They say imitation is the sincerest form of flattery. If that's so, then color me flattered. This new NetApp plug-in is exactly like the EMC VSI 4.0 plug-in for vSphere that was released last year (http://akutz.wordpress.com/2010/12/22/emc-vsi-4-0/). I'm flattered, I truly am :)

Vaughn Stewart

@Andrew -

Thanks for sharing. I admit, EMC has done one fine job in developing their plug-ins and that is no short order with the number of disparate array platforms they support VMware on.

it's funny how EMC and NetApp employees view things differently. EMC claims 70+ points of integration scattered among 5 or 6 or 7 array platforms. I wonder what the median average is in terms of integrations per array platform?

NetApp provides the most complete plug-in, delivering the same capabilities across all arrays with access via any protocol. This model enables solutions consistency, regardless of being deployed in the core datacenter or in a small ROBO office. We think hardware is simply a means to scale.

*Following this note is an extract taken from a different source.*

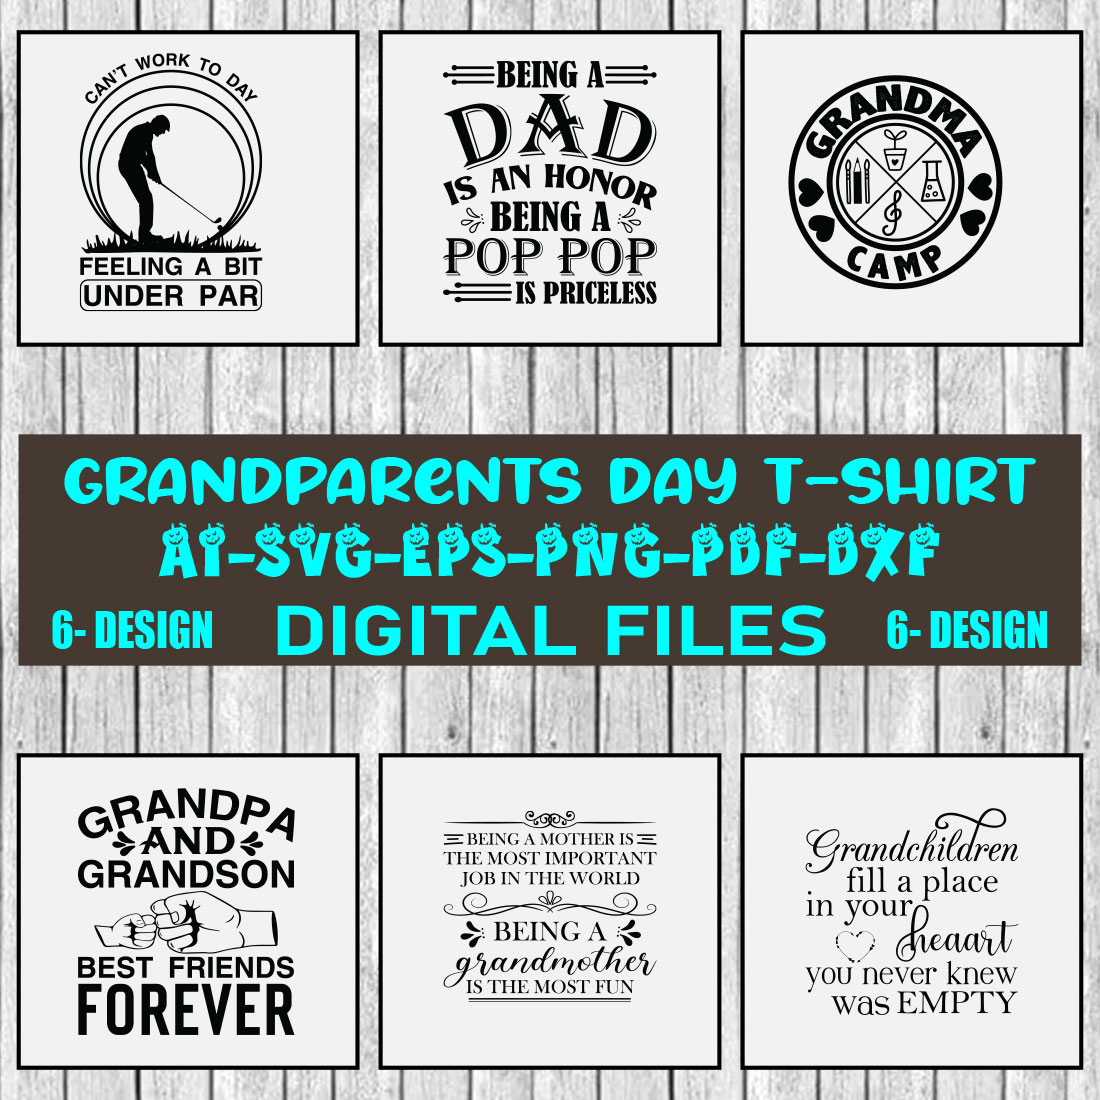 Grandparents Day T-shirt Design Bundle Vol-1 cover image.

EMC & NetApp view the needs of customers differently.

I challenge your claims that NetApp is not the leader and offer the following content from 2009 as evidence...

http://blogs.netapp.com/virtualstorageguy/2009/08/emc-the-storage-most-integrated-with-vmware-the-conclusion.html

Thanks again,
Vaughn

James Bothe

Does this replace SMVI? Should I not install that package and only use VSC 2.1?

Jason Benedicic

Hi Vaughn,

Are there any more details about the new MBR Tools available other than what is in the IAG?

In an ESXi environment I would usually just use a Linux machine to mount the NFS stores and run the tool against the VMDK's as a part of any P2V process.

However the latest tool won't even let me run the help command on my Ubuntu 10.04 machine.

Is it totally redesigned to only work with ESX now? Any information would be helpful.

Kind Regards,
Jason.

www.facebook.com/profile.php?id=658313066

@Vaughn - a few of us have noticed the mbrscan and (the newer) nfsstat -d output are not agreeing on the state of alignment - can you weigh in on if this just an interpretation of nfsstat -d output issue or if we actually have unaligned IO happening on what mbrscan says are aligned VMs?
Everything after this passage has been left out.